Hello, I continued the calculation of large primes with the function { c^k } , and found that if c = 999982.6807... then, 899 primes are generated. http://plouffe.fr/NEW/899%20primes%20in%20geometric%20progression.txt By the way, I compared the speed of calculation for <isprime> in Maple, Mathematica, Pari-Gp and PFGW. PFGW is the fastest for testing if a prime is probable, well at least for large values. But if you want from a given n to find the next prime after n then Maple is the fastest. I could not use PFGW for doing that at all, too slow. The function nextprime() within PFGW is <mickey mouse> , it works for small values but fails miserably for n > 10^20. I tried an intelligent loop on it and it is by far too slow. I believe that for once, Maple is the best. Which brings up the next question. Emile Borel once calculated what could be what is considered impossible on a human, terrestrial or cosmic scale. If I remember correctly, a probability of 1/1000000 is on a human scale impossible. It was 10 ^ (- 12) for the terrestrial scale and 10 ^ (- 50) for the cosmic scale. In other words, if you calculate that there is less than 1 in 1 million chance that an unfortunate event can happen to you, then you can rest easy and if it is on a cosmic scale then all of humanity can also sleep peacefully. Which brings me to the next question. Does anyone know what is the probability that a probable prime number of 1000 digits can in fact be composed like a Carmichael number? Best regards (and chance) to you, Simon Plouffe
I don't have my Knuth books with me at the moment, but I remember a probabilistic primality tests that relied on a choice of random numbers, and that the probability of a false positive was 25%. Since the tests were independent, he argued it would be extremely unlikely to find a number that is composite yet passes this test e.g. 25 times in a row. The test is described here: https://en.wikipedia.org/wiki/Miller%E2%80%93Rabin_primality_test One could then try feeding this algorithm composites of forms such as the Carmichael numbers and see how the test behaves. Andres. On 6/15/20 21:54, Simon Plouffe wrote:
Hello, I continued the calculation of large primes with the function { c^k } , and found that if c = 999982.6807... then, 899 primes are generated. http://plouffe.fr/NEW/899%20primes%20in%20geometric%20progression.txt
By the way, I compared the speed of calculation for <isprime> in Maple, Mathematica, Pari-Gp and PFGW. PFGW is the fastest for testing if a prime is probable, well at least for large values.

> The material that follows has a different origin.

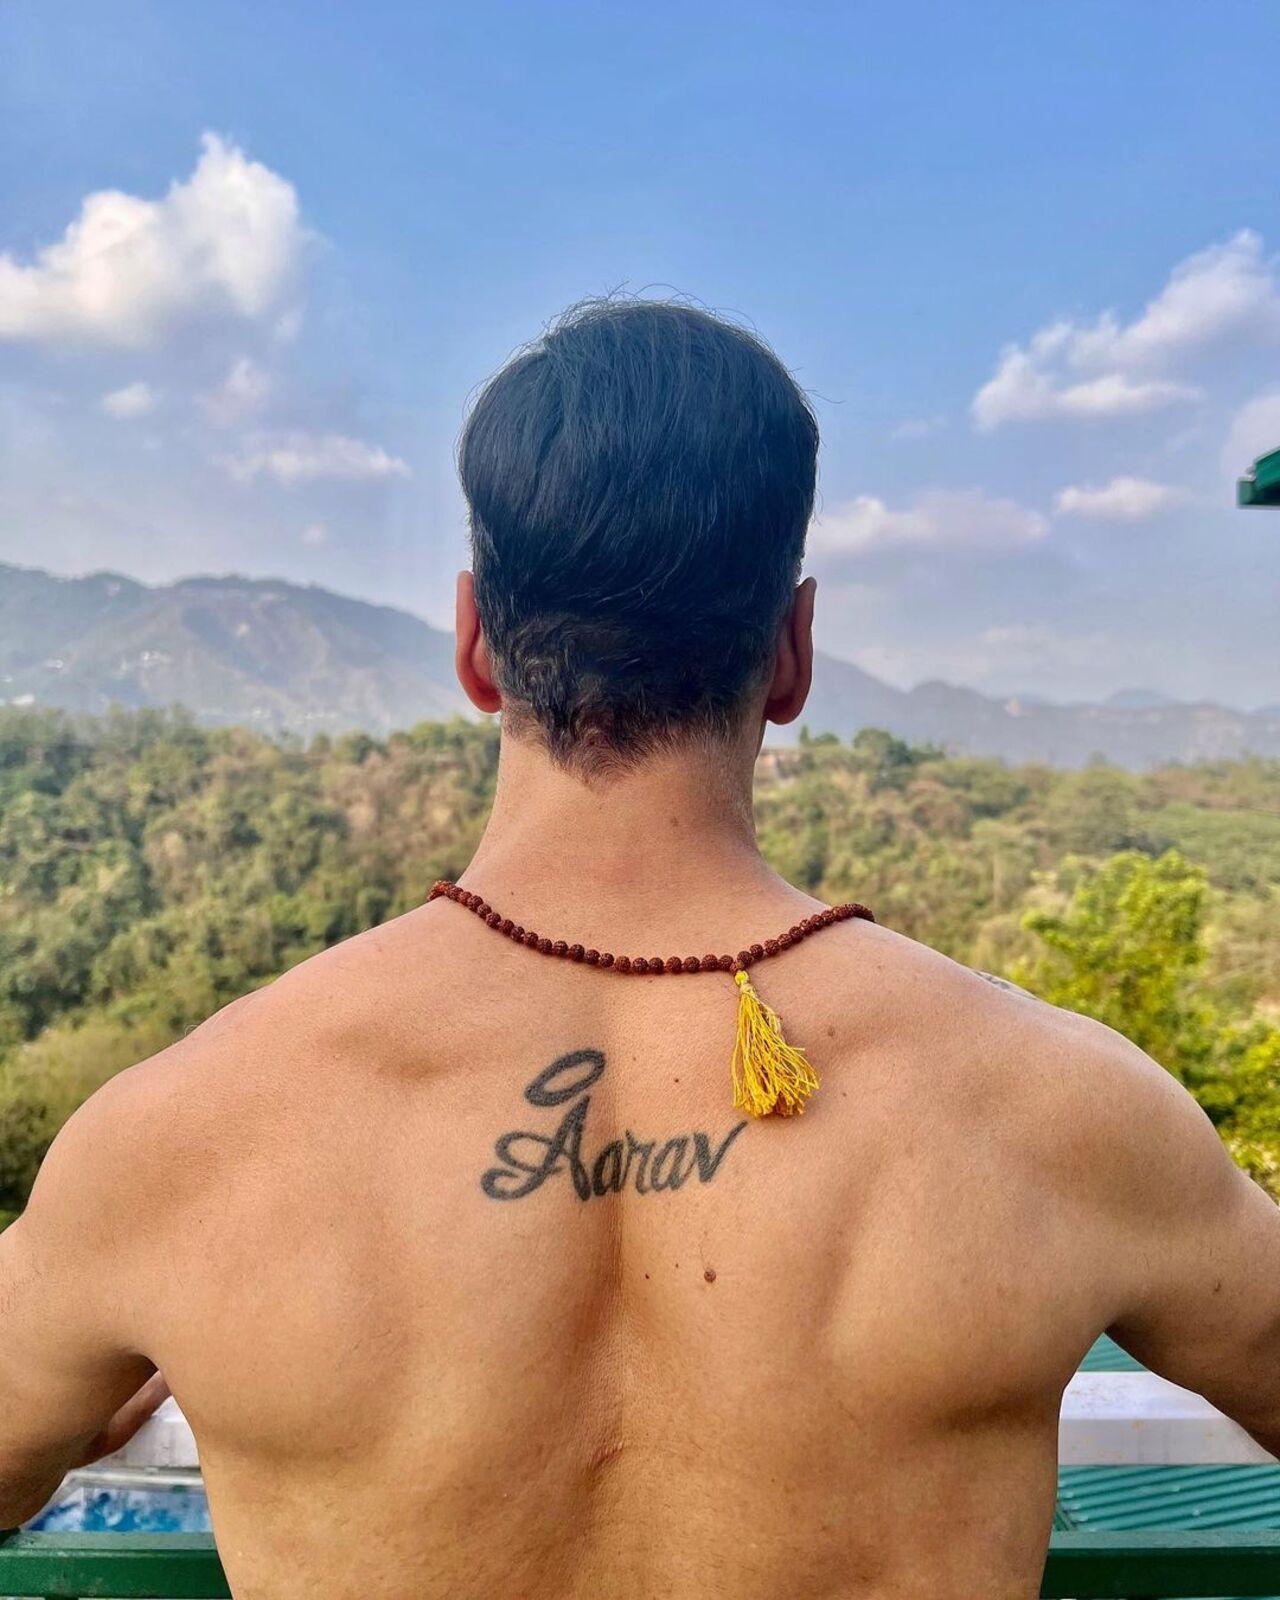 Several years ago, before Nitara's birth, Akshay got Aarav's name tattooed on his back. He often flaunts it in pictures

But if you want from a given n to find the next prime after n then Maple is the fastest. I could not use PFGW for doing that at all, too slow. The function nextprime() within PFGW is <mickey mouse> , it works for small values but fails miserably for n > 10^20. I tried an intelligent loop on it and it is by far too slow. I believe that for once, Maple is the best.
Which brings up the next question. Emile Borel once calculated what could be what is considered impossible on a human, terrestrial or cosmic scale. If I remember correctly, a probability of 1/1000000 is on a human scale impossible. It was 10 ^ (- 12) for the terrestrial scale and 10 ^ (- 50) for the cosmic scale. In other words, if you calculate that there is less than 1 in 1 million chance that an unfortunate event can happen to you, then you can rest easy and if it is on a cosmic scale then all of humanity can also sleep peacefully. Which brings me to the next question.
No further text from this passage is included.